On Thu, 10 Sep 2009 09:32:30 GMT
bugzilla-daemon-590EEB7GvNiWaY/ihj7yzEB+6BGkLq7r@public.gmane.org wrote:
> http://bugzilla.kernel.org/show_bug.cgi?id=14150
>
> Summary: BUG: soft lockup - CPU#3 stuck for 61s!, while running
> cpu controller latency testcase on two containers
> parallaly
> Product: Process Management
> Version: 2.5
> Kernel Version: 2.6.31-rc7
> Platform: All
> OS/Version: Linux
> Tree: Mainline
> Status: NEW
> Severity: high
> Priority: P1
> Component: Scheduler
> AssignedTo: mingo-X9Un+BFzKDI@public.gmane.org
> ReportedBy: risrajak-23VcF4HTsmIX0ybBhKVfKdBPR1lH4CV8@public.gmane.org
> CC: serue-r/Jw6+rmf7HQT0dZR+AlfA@public.gmane.org, iranna.ankad-xthvdsQ13ZrQT0dZR+AlfA@public.gmane.org,
> risrajak-xthvdsQ13ZrQT0dZR+AlfA@public.gmane.org
> Regression: No
>
>
> Created an attachment (id=23055)
> --> (http://bugzilla.kernel.org/attachment.cgi?id=23055)
> Config-file-used
>
> Hitting this soft lock issue while running this scenario on 2.6.31-rc7 kernel
> on SystemX 32 bit on multiple machines.
>
> Scenario:
> - While running cpu controller latency testcase from LTP same time on two
> containers.
>
> Steps:
> 1. Compile ltp-full-20090731.tgz on host.
> 2. Create two container (Used lxc tool
> (http://sourceforge.net/projects/lxc/lxc-0.6.3.tar.gz) for creating container )
> e.g:
> lxc-create -n foo1
> lxc-create -n foo2
> On first shell:
> lxc-execute -n foo1 -f /usr/etc/lxc/lxc-macvlan.conf /bin/bash
> on Second shell:
> lxc-execute -n foo2 -f /usr/etc/lxc/lxc-macvlan.conf /bin/bash
>
> 3. Either you run cpu_latency testcase alone or run "./runltp -f controllers"

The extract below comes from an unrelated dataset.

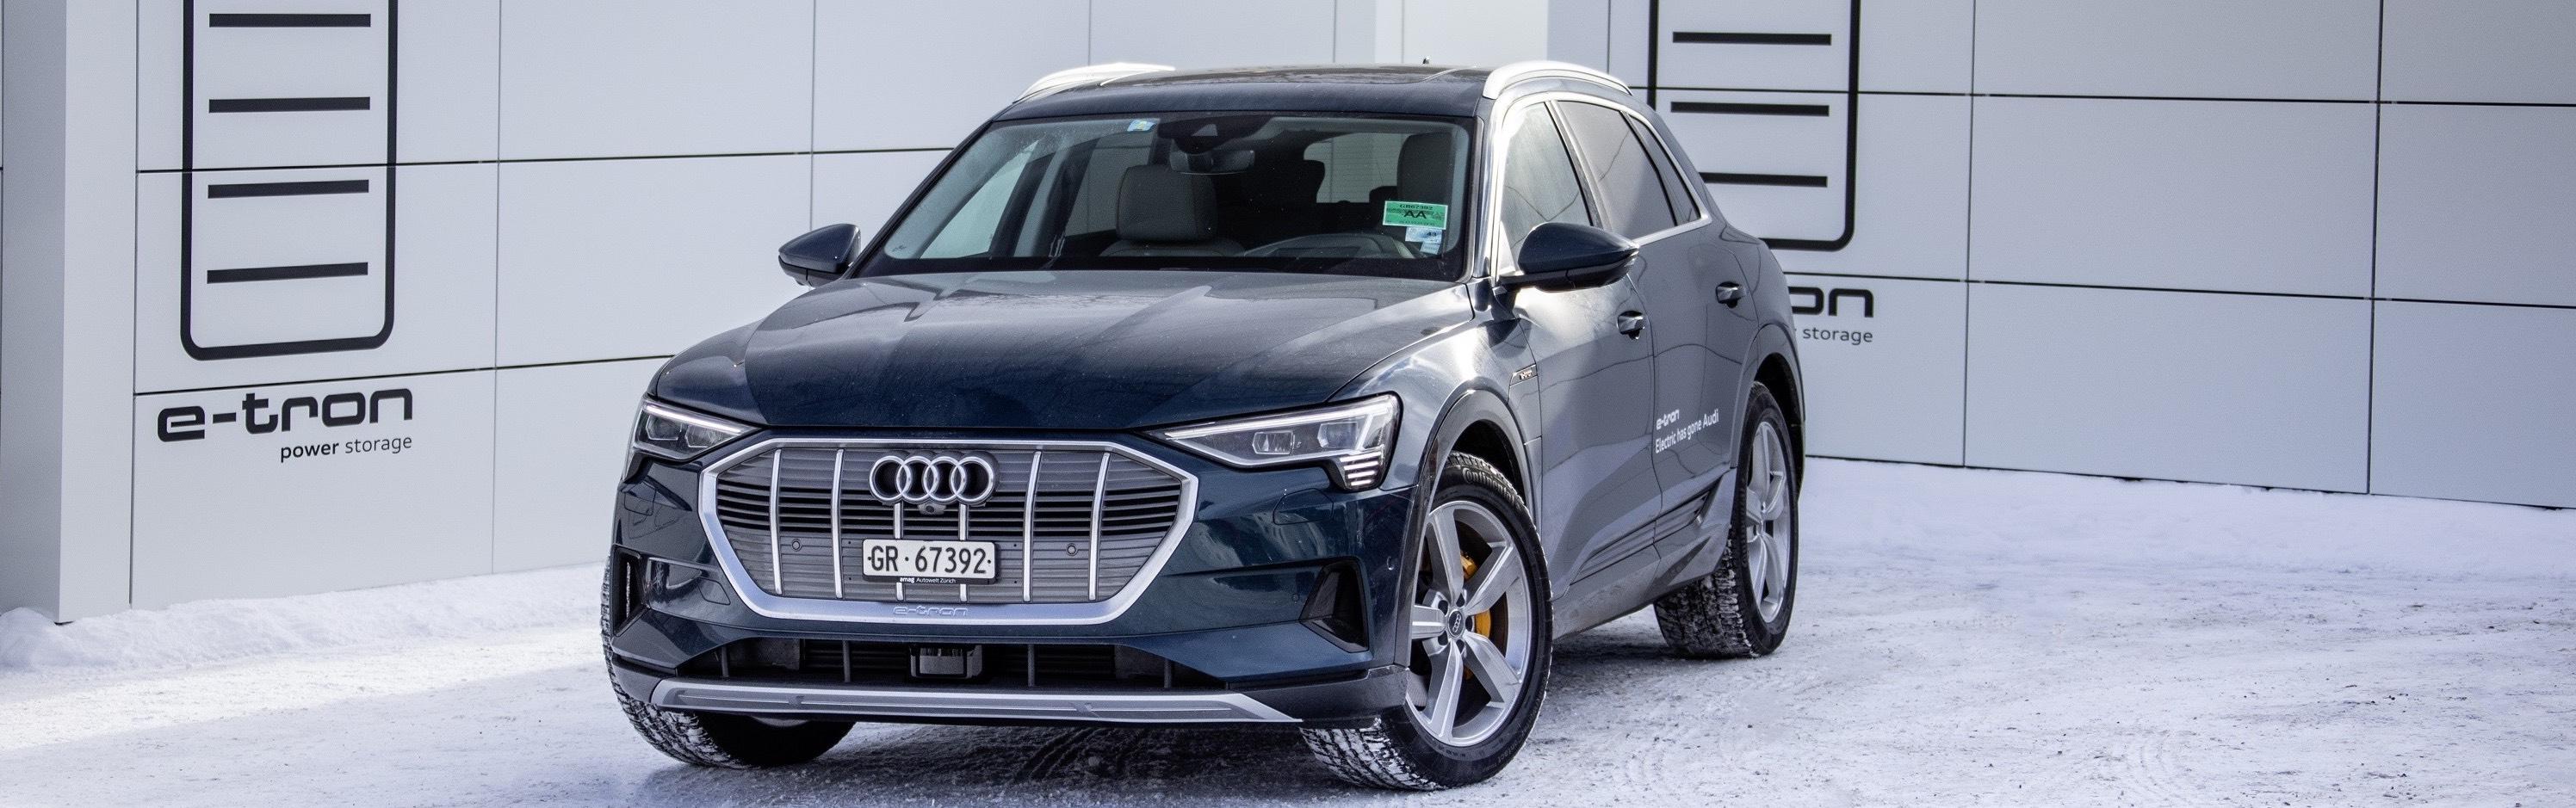 Audi electrifica al Foro Económico Mundial de Davos con 50 unidades e-tron

> at same time on both the containers.
> 4. After testcase execution completes, you can see this message in dmesg.
>
> Expected Result:
> - Should not reproduce soft lock up issue.
> - This reproduces 3 times out of 5 tries.
>
> hrtimer: interrupt too slow, forcing clock min delta to 5843235 ns
> hrtimer: interrupt too slow, forcing clock min delta to 5842476 ns
> Clocksource tsc unstable (delta = 18749057581 ns)
> BUG: soft lockup - CPU#3 stuck for 61s! [cpuctl_latency_:17174]
> Modules linked in: bridge stp llc bnep sco l2cap bluetooth sunrpc ipv6
> p4_clockmod dm_multipath uinput qla2xxx ata_generic pata_acpi usb_storage e1000
> scsi_transport_fc joydev scsi_tgt i2c_piix4 pata_serverworks pcspkr serio_raw
> mptspi mptscsih mptbase scsi_transport_spi radeon ttm drm i2c_algo_bit i2c_core
> [last unloaded: scsi_wait_scan]
>
> Pid: 17174, comm: cpuctl_latency_ Tainted: G W (2.6.31-rc7 #1) IBM
> eServer BladeCenter HS40 -[883961X]-
> EIP: 0060:[<c058aded>] EFLAGS: 00000283 CPU: 3
> EIP is at find_next_bit+0x9/0x79
> EAX: c2c437a0 EBX: f3d433c0 ECX: 00000000 EDX: 00000020
> ESI: c2c436bc EDI: 00000000 EBP: f063be6c ESP: f063be64
> DS: 007b ES: 007b FS: 00d8 GS: 0033 SS: 0068
> CR0: 80050033 CR2: 008765a4 CR3: 314d7000 CR4: 000006d0
> DR0: 00000000 DR1: 00000000 DR2: 00000000 DR3: 00000000
> DR6: ffff0ff0 DR7: 00000400
> Call Trace:
> [<c0427b6e>] cpumask_next+0x17/0x19
> [<c042c28d>] tg_shares_up+0x53/0x149
> [<c0424082>] ? tg_nop+0x0/0xc
> [<c0424082>] ? tg_nop+0x0/0xc
> [<c042406e>] walk_tg_tree+0x63/0x77
> [<c042c23a>] ? tg_shares_up+0x0/0x149
> [<c042e836>] update_shares+0x5d/0x65
> [<c0432af3>] rebalance_domains+0x114/0x460
> [<c0403393>] ? restore_all_notrace+0x0/0x18
> [<c0432e75>] run_rebalance_domains+0x36/0xa3
> [<c043c324>] __do_softirq+0xbc/0x173
> [<c043c416>] do_softirq+0x3b/0x5f
> [<c043c52d>] irq_exit+0x3a/0x68
> [<c0417846>] smp_apic_timer_interrupt+0x6d/0x7b
> [<c0403c9b>] apic_timer_interrupt+0x2f/0x34
> BUG: soft lockup - CPU#2 stuck for 61s! [watchdog/2:11]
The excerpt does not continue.